As for who your neighbors would be: incomes skew modest — 36% of households are in the lower national bracket.
Daily errands, coffee and dinner
Day to day: plan your groceries: the nearest large supermarket is 1.8 km away; dining out means a short trip: only 2 cafés or restaurants sit within a kilometer.
The practical checklist most buyers forget to make: pharmacy 14 min walk · GP 14 min · hospital 6.0 km · library 2.1 km. None of these will decide a purchase on their own, but a GP taking new patients nearby is the kind of thing you only miss after moving.
Families and schools
For families: the nearest primary school is 14 minutes on foot; daycare is 0.2 km away — check waiting lists early, they are long everywhere in the Netherlands; secondary school is a 5-minute bike ride, which Dutch teenagers do in all weather.
Getting around
Getting around: the train station is 7 minutes on foot — commuting without a car is the natural choice; a highway on-ramp 1.2 km away makes car trips easy — check whether through-traffic noise reaches the street you're considering; car ownership is moderate (0.9 per household).
Energy and running costs
With 100% of homes built after 2000, insulation standards here are decent by default — but newer also means VvE service costs for apartments and less room to add value through renovation. Different math, not automatically better.
Before you bid in De Venen
Before you bid in De Venen: listings are scarce here, which pushes bidding above asking more often — decide your maximum before the viewing, not during it. Also, family neighborhoods like this one turn over slowly; when a good house appears it often goes to the first serious, well-prepared bidder.
None of these averages can tell you whether the specific house you found is fairly priced — that depends on its size, energy label, state of maintenance and the recent sales around it. That is exactly what a free HomeReview report checks, in about 10 seconds, for any Dutch address.
Frequently asked questions
Is De Venen a good neighborhood to live in?
That depends on what you're looking for. De Venen has no single strong profile — it scores mid-range for most buyer types. The average home value is €376,000 and the neighborhood has 1,800 residents.
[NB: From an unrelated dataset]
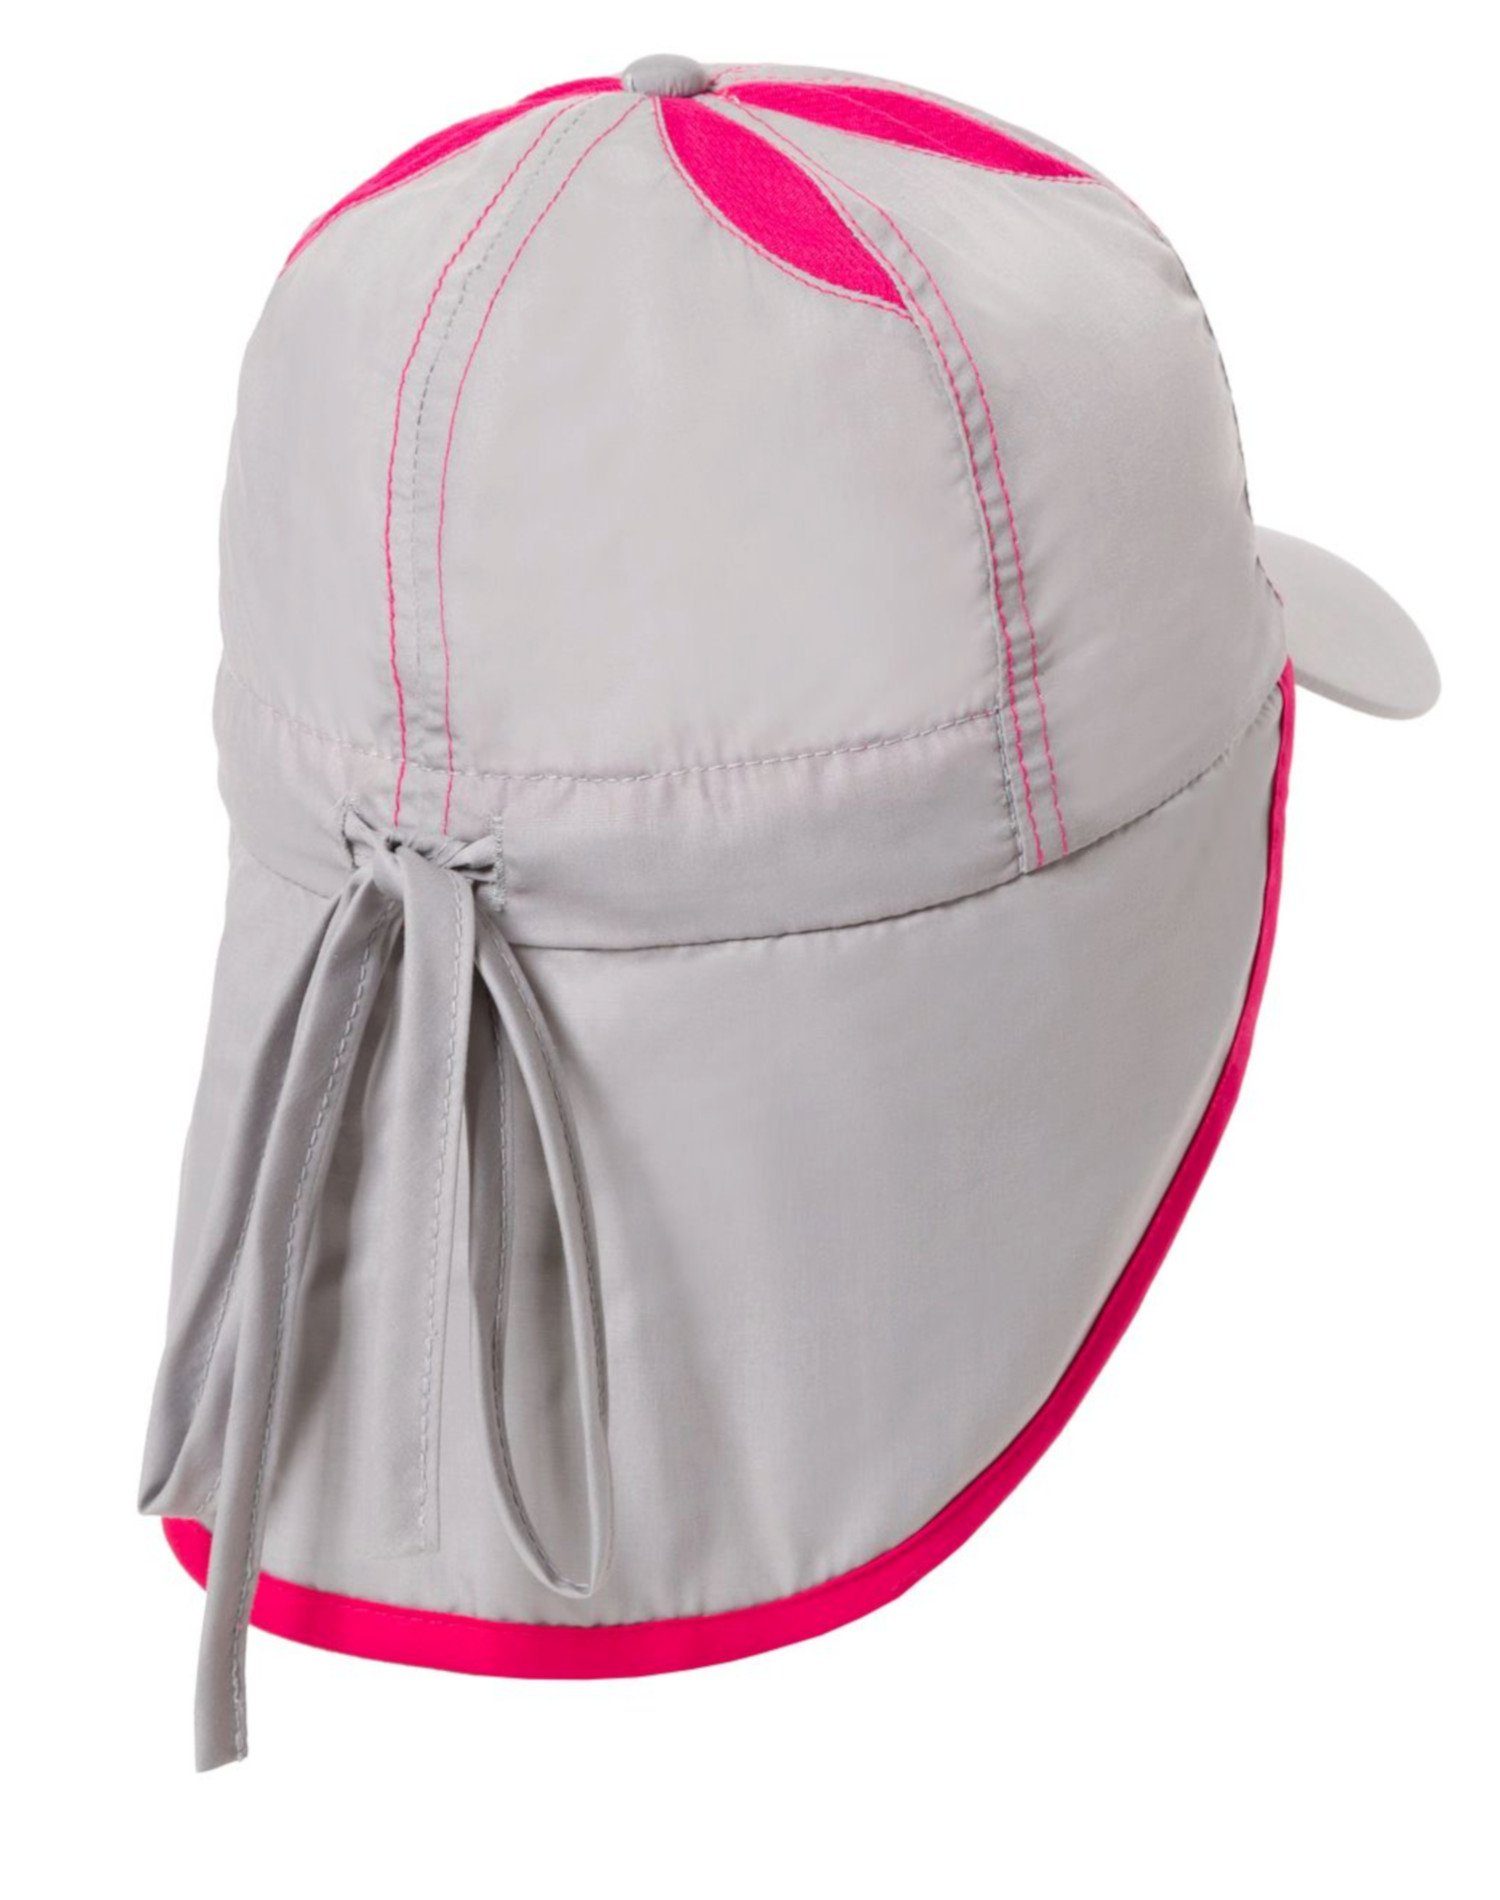 Schirmmütze Sommerhut, mit Hellgrau-Pink Sonnenhut, Hilltop Kindermütze, Nackenschutz Schirmmütze
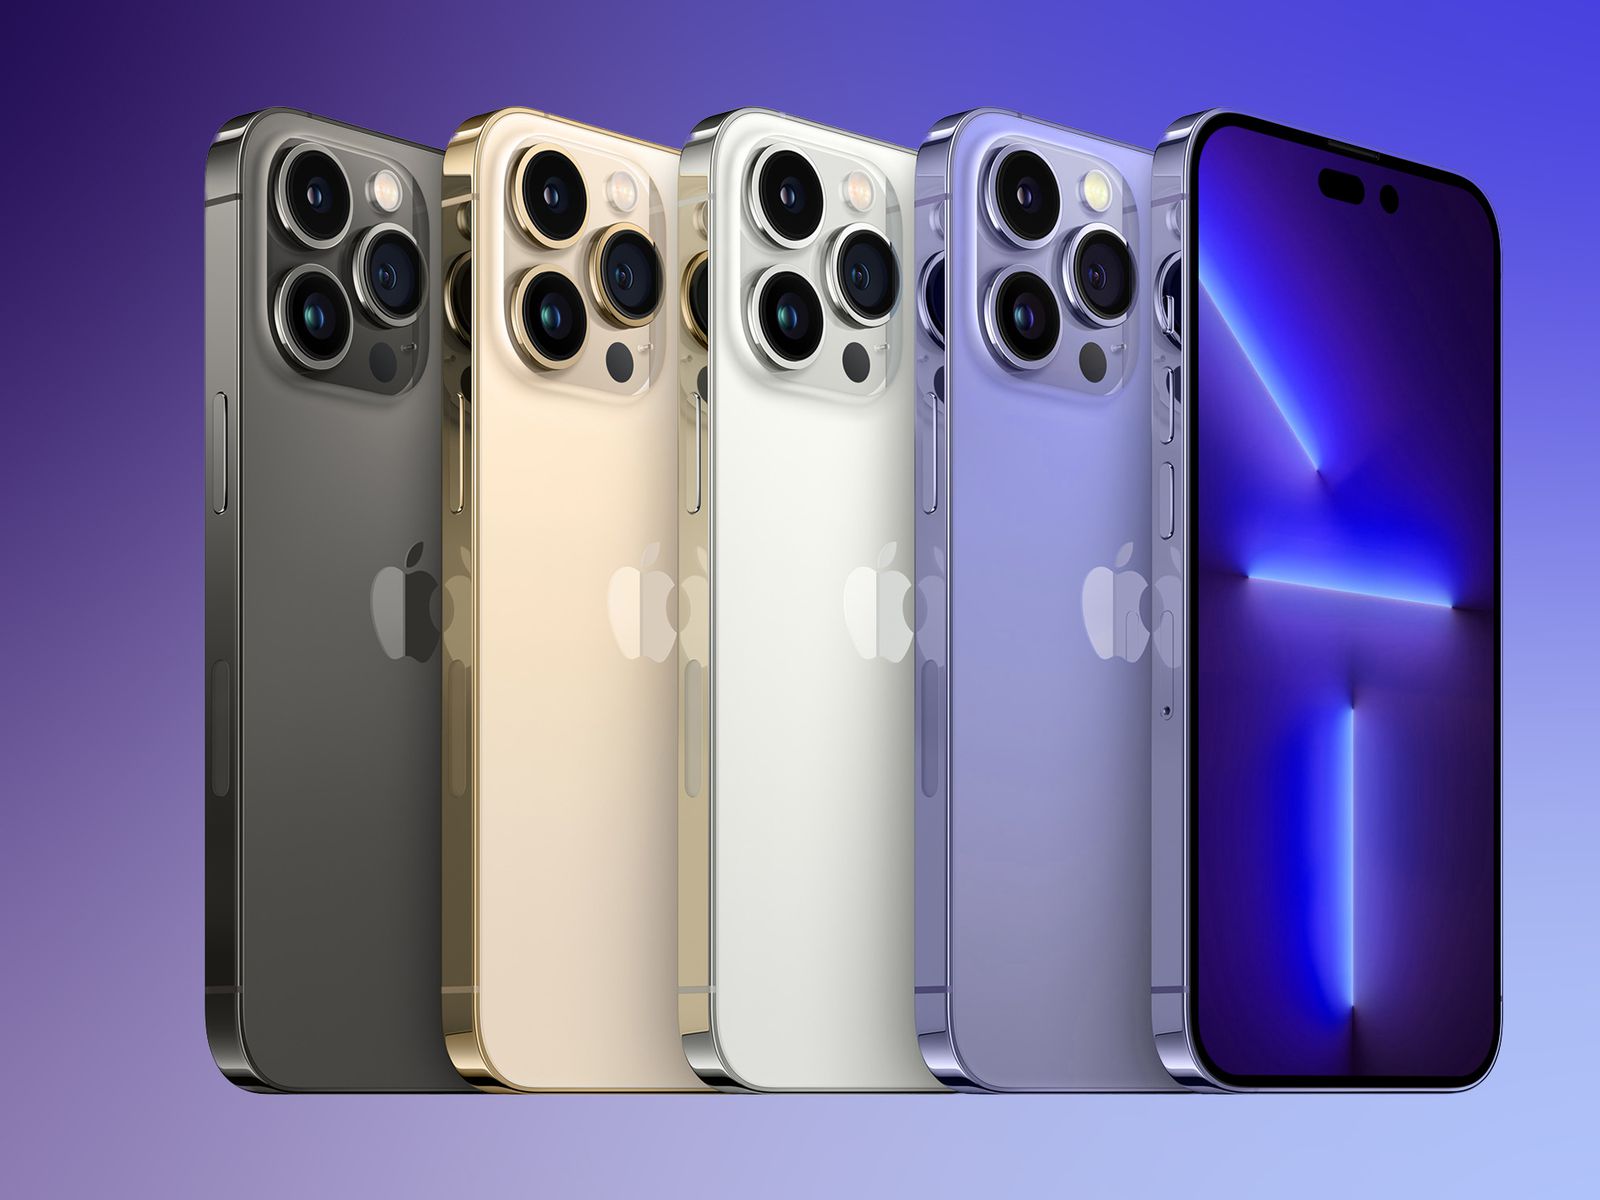 Sắc tím quyến rũ của chiếc iPhone 14 sẽ khiến bạn không thể rời mắt! Sử dụng các công nghệ tiên tiến và tính năng độc đáo, chiếc điện thoại này mang lại hiệu suất vượt trội. Bạn sẽ không thể cưỡng lại được sức hấp dẫn của chiếc iPhone 14 màu tím đầy sáng tạo này.

Ultimately the specific street and home matter more than the neighborhood average.
What is the average home value in De Venen?
The average home value (WOZ waarde) in De Venen, Den Haag is €376,000, based on the official CBS neighborhood statistics.
Is De Venen mostly owner-occupied or rental?
32% of homes in De Venen are owner-occupied and 68% are rentals, of which 56% of all homes are social housing (woningcorporatie).
Are house prices in De Venen rising?
Between 2015 and 2025 the average WOZ value in De Venen rose from €180,000 to €424,000 (+136%); Den Haag as a whole moved up 125% over the same period. WOZ values lag the current market by about a year.
How old are the homes in De Venen?
0% of homes in De Venen were built before 2000 and 100% after. Older buildings can mean higher maintenance and energy costs — check the energy label before bidding.
How far is the nearest train station from De Venen?
The average distance to a train station from De Venen is 0.6 km; a large supermarket is 1.8 km away on average.
Is De Venen an expensive part of Den Haag?
It sits close to the Den Haag median: neither a premium neighborhood nor a bargain area.
Is De Venen good for families with children?
The nearest primary school is 1.2 km away and there are 1 daycare locations within a kilometer. 44% of households here have children at home.
Similar neighborhoods in Den Haag
Closest in price — worth a look if De Venen is out of reach or you want alternatives.